Маруся очнулась в середине ночи. Некоторое время ей подставляли тазик, потом Ваня галантно сопроводил ее до туалета.

– Так я, – спросила она еще хриплым, пересохшим горлом, – воскрешена?

– Вы мертвы, – сказал ей Ансгар Фридрихович загробным голосом (с воскрешенными он таким не разговаривал). Сидя напротив нее в низком кресле, он упер локти в колени и не шевелился. – Ваша жизнь закончилась. Я – некромант. Вы почти как живая, но на самом деле – мертвая. Вы даже можете чувствовать боль. Но вы теперь по ту сторону жизни. К сожалению.

Маруся улыбнулась.

– Значит, жизнь после смерти…

– Только с моей помощью. Обычно там все иначе.

Маруся задумалась. Одернула кофточку. Пригладила волосы.

– И кто… оплачивал ваши услуги?

– Весь дружный коллектив вашего э… психологического театра. Они очень переживали, что ваша смерть испортит им проект. Но об этом говорить не нужно.

– Я и не буду, – Маруся отняла руку от волос, так и не завершив жеста.– Я была на том свете. Что мне до людей.

– Правильно, – кивнул Ансгар Фридрихович. – Знаете, каждый человек, побывавший ТАМ… он приносит с собой оттуда что-то. Некую вещь, которую дает ему Мироздание. Я не знаю, зачем именно ему та или иная вещь – эту загадку предстоит решить человеку… то есть, зомби. Вы ведь не обидитесь, если вас так назвать?

– Ни капельки. Это даже прикольно.

– Так вот, вещь, которую вы принесли с собой из смертного сна… она должна быть. Что с ней делать, вы должны понять самостоятельно.

Маруся отвернулась, ощупала ладонями свое «смертное ложе» и, засунув пальцы между сиденьем и спинкой, извлекла тонкий лошадиный хлыст.

– Ух ты, – сказала она.– Надо же… Впрочем, Мирозданию виднее.

– Не берусь истолковывать, – сказал Ансгар Фридрихович, – но знак довольно прозрачен. Встань и иди, Маруся.

– Называйте меня Мариной.

– Как скажете.

И они оба, зомби и некромант, проводили девушку взглядами до двери. Сцена психологической помощи была отыграна по мере их скромных возможностей. Оставалось ждать.

 

Ваня видел, как утром Марина вышла к людям.
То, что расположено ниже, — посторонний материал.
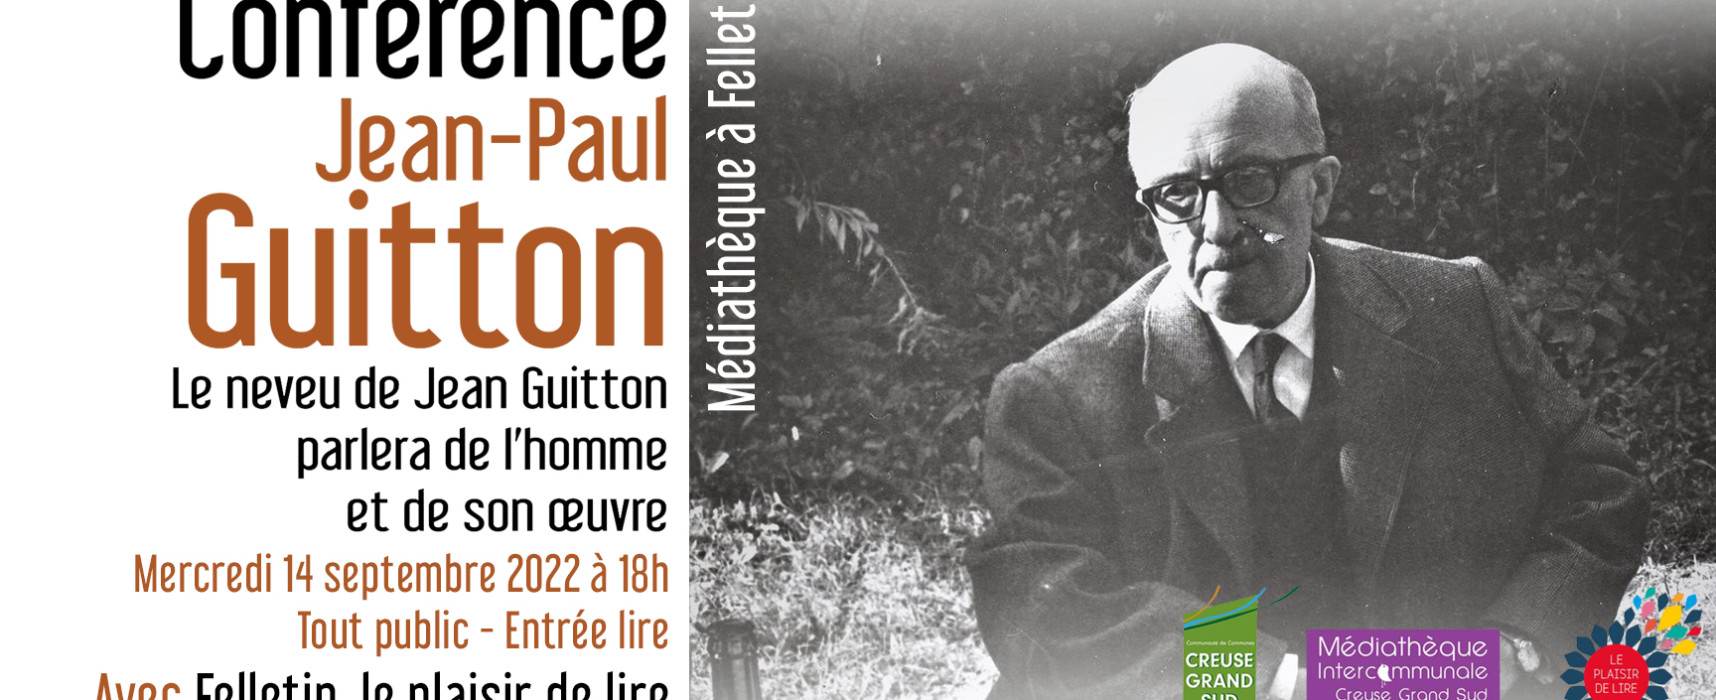 [Médiathèque] Conférence de Jean-Paul GUITTON – Mercredi 14 septembre 2022 à 18h – #Felletin

Уверенно, спокойно и чинно, как человек, и впрямь вернувшийся из небытия.

В руке у нее был хлыст, которым она пощелкивала себя по высоким бутафорским сапогам.
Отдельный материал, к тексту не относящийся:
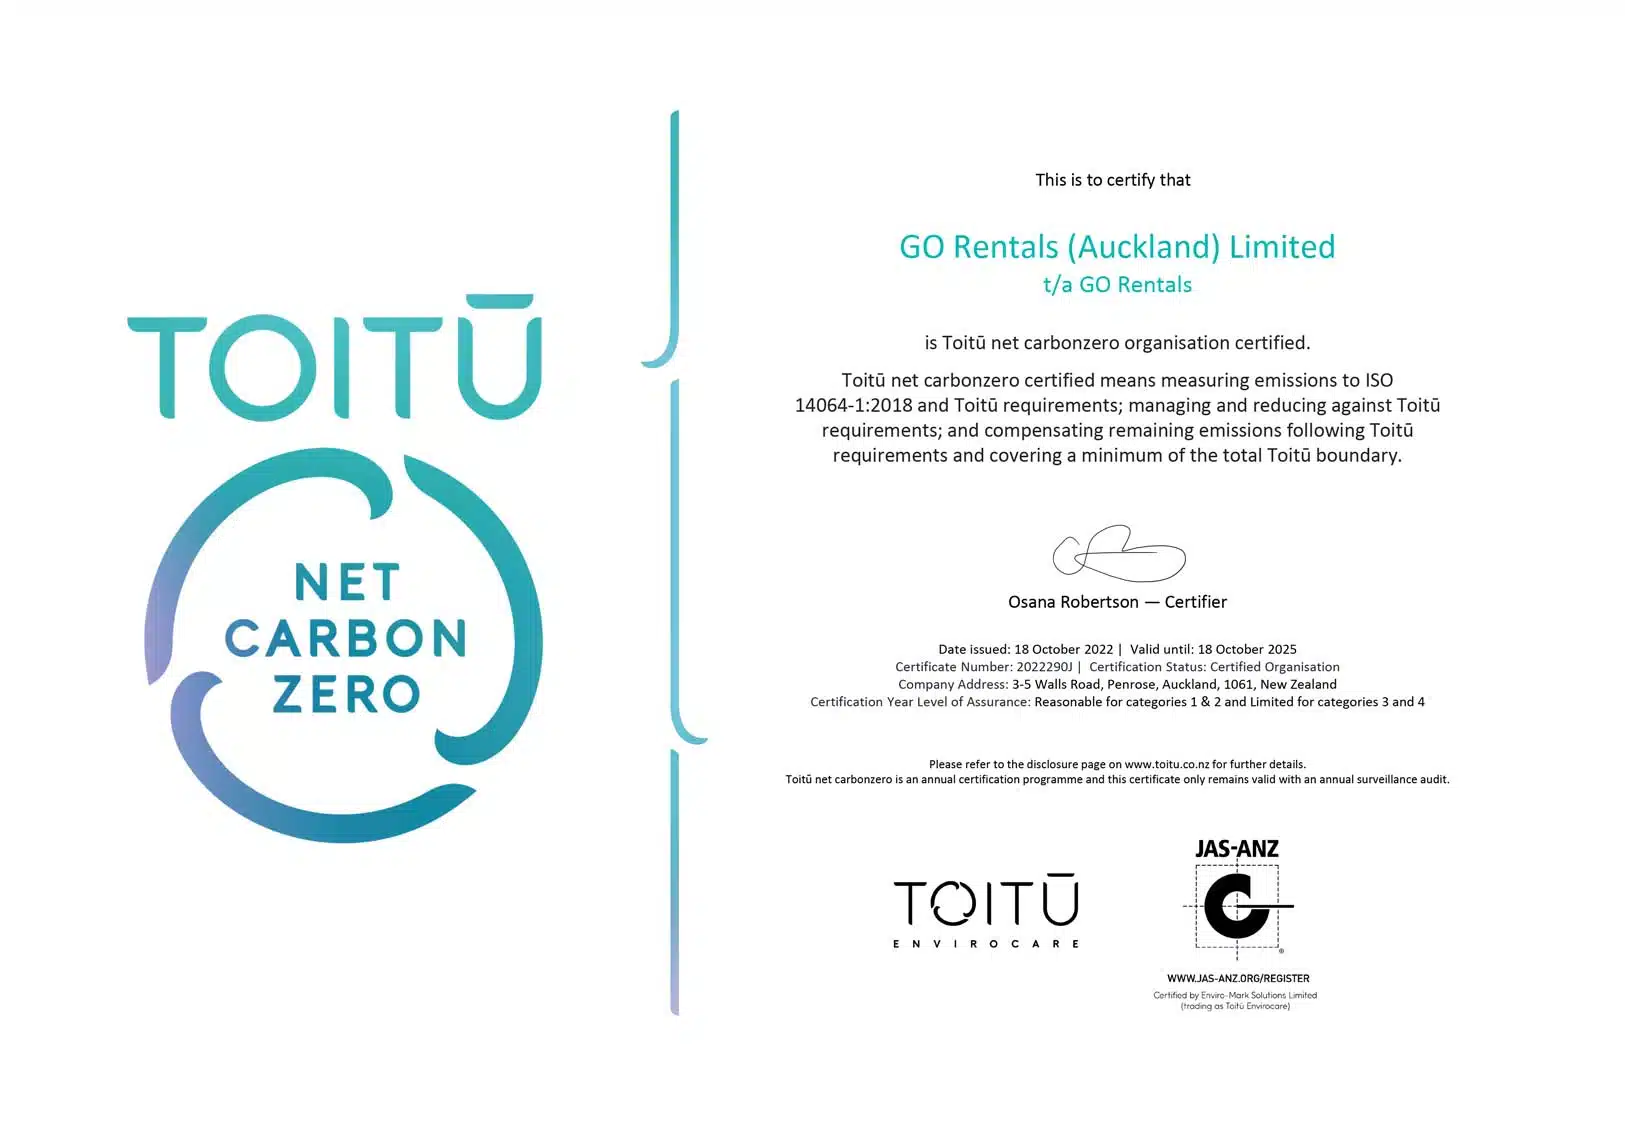 GO Rental's Toitu net carbonzero certificate

– Марусенька, – прошептала Мишель.

– Здравствуйте, – обратилась ко всем бывшая Маруся глубоким, низким голосом. – Меня зовут Марина. Надеюсь, теперь вы мне рады больше, чем в первый раз. Потому что если вы не рады – я знаю, как вас обрадовать. Я внятно излагаю?

Целую секунду никто из дружного коллектива не знал, что ей ответить.

 

 

– Теперь она окажет им всем психологическую помощь, – прошептал Ваня, пока Ансгар Фридрихович складывал ему в карман пачку купюр. – И сыграет ковбоя Длинный Хлыст.

– Длинного меча у нас под рукой не было, – Ансгар Фридрихович надевал пальто. – Зато, если я воскрешу старика Зигмунда, будет что ему рассказать.

– Но ведь на самом деле, – начал было возражать Ваня, но некромант уже согласился с невысказанным.

– Некоторые люди боятся жить, – дал он, как ему казалось, наиболее вероятное и внятное объяснение. – А когда скажешь им, что их жизнь закончилась – страх проходит, и они становятся самими собой.

– А когда она поймет, что жива?

– Вряд ли решит это исправить… Идем, мы больше здесь не нужны.

…Уходя, они слышали голос парня в белом, щелчок хлыста и голос Марины: – Еще раз обзовешь Мишель блондинкой в уничижительной форме – будешь сидеть только на треугольных стульях!

– Ансгар Фридрихович… а вы боитесь жить? – спросил Ваня, когда они вышли на улицу.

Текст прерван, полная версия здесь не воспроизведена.